Generating the Borel $\sigma$-algebra on $C([0,1])$

We put $S=C([0,1])$ (the collection of continuous real functions on $[0,1]$), equipped with the metric $d(f,g)=\sup_{x\in[0,1]}|f(x)-g(x)|$, and let $\mathcal{B}(S)$ be the Borel $\sigma$-algebra on $S$.

I'd appreciate some quidance on proving that $\mathcal{B}(S)$ is generated by the collection of sets of the form $$ \{f: (f(t_1),\ldots, f(t_n)\in B_1\times\cdots \times B_n\}, $$ where $B_j\in \mathbb{B}(\mathcal(R))$, $n<\infty$ and $0\le t_1<t_2< \cdots t_n\le 1$.

I know that $S$ is complete and separable, but need some help on how to proceed.

Consider the collection $\mathcal{C}$ consisting of all sets of the form $\{ f: (f(t_1),...,f(t_n)) \in B_1 \times \cdots \times B_n \} = \bigcap_{i=1}^n \pi_{t_i}^{-1} (B_i)$, where $n \in \mathbb{N}$, $t_i \in [0,1]$, and $B_i \in \mathcal{B}(\mathbb{R})$.

First notice that $\mathcal{C} \subset \mathcal{B}(S)$. To show this note that if $t \in [0,1]$ and $(a,b) \subset \mathbb{R}$, then $\pi_t^{-1}((a,b))$ is open in $S$. In particular $\{ B \subset \mathbb{R} : \pi_t^{-1}(B) \in \mathcal{B}(S) \}$ is a sigma algebra containing all open intervals of $\mathbb{R}$, hence containing all Borel sets in $\mathbb{R}$. Thus $\pi_t^{-1}(B) \in \mathcal{B}(S)$ for all $t \in [0,1]$ and $B \in \mathcal{B}(\mathbb{R})$, and since elements of $\mathcal{C}$ are finite intersections of such sets, we have that $\mathcal{C} \subset \mathcal{B}(S)$.

To prove the reverse inclusion (i.e, $\mathcal{B}(S) \subset \sigma(\mathcal{C})$), note that since $S$ is separable, it suffices to prove that any open ball in $S$ is in $\sigma(\mathcal{C})$, because this would prove that any open set in $S$ is in $\sigma(\mathcal{C})$.

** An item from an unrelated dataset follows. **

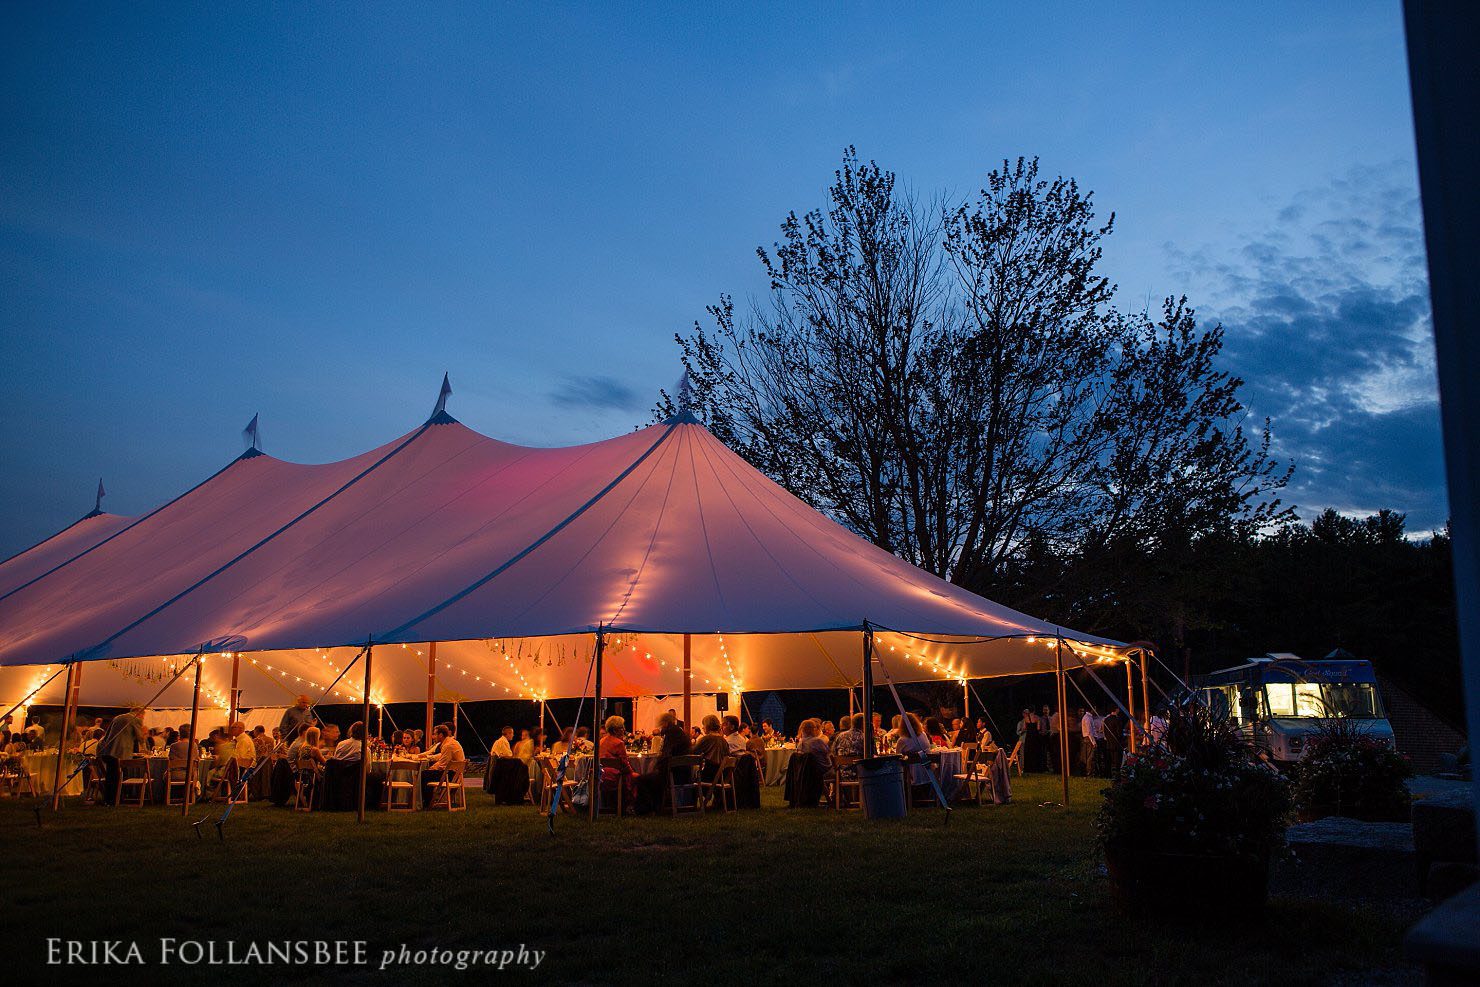 The sailcloth tent glows festively against the evening sky

I claim that any open ball $B(f,\epsilon)$ in $S$ can be written as $$B(f,\epsilon) = \bigcup_{n \in \mathbb{N}} \; \;\bigcap_{t\in \mathbb{Q} \cap [0,1]} \pi_t^{-1}\big((f(t)-(1-2^{-n})\epsilon\;,\; f(t)+(1-2^{-n})\epsilon)\big)$$

This is true because if $f,g \in S$, and if there exists $n$ such that $|f(t)-g(t)|< (1-2^{-n})\epsilon$ for all $t \in \mathbb{Q} \cap [0,1]$, then by continuity of $f$ and $g$ and by density of $\mathbb{Q}$ in $[0,1]$, we know that $d(f,g)\leq (1-2^{-n})\epsilon<\epsilon$. And conversely, if $d(f,g)<\epsilon$, then there exists $n \in \mathbb{N}$ such that $d(f,g)<(1-2^{-n})\epsilon$, snd so $|f(t)-g(t)|<(1-2^{-n})\epsilon$ for all $t \in [0,1] \cap \mathbb{Q}$.

Therefore $B(f,\epsilon)$ can be written as a countable union of a countable intersection of elements of $\mathcal{C}$, and so $B(f, \epsilon) \in \sigma(\mathcal{C})$, as desired.

Additional Remarks: The map $\pi_t:S \to \mathbb{R}$ is the evaluation map at $t$, i.e, $\pi_t(f):=f(t)$. Also, the [$1-2^{-n}$] can be replaced with any sequence $a_n \uparrow 1$, and also the collection $\mathcal{C}$ can be replaced with the smaller collection $\mathcal{C}_0:=\{\pi_t^{-1}(B) : t \in [0,1]$ and $B \in \mathcal{B}(\mathbb{R})\}$.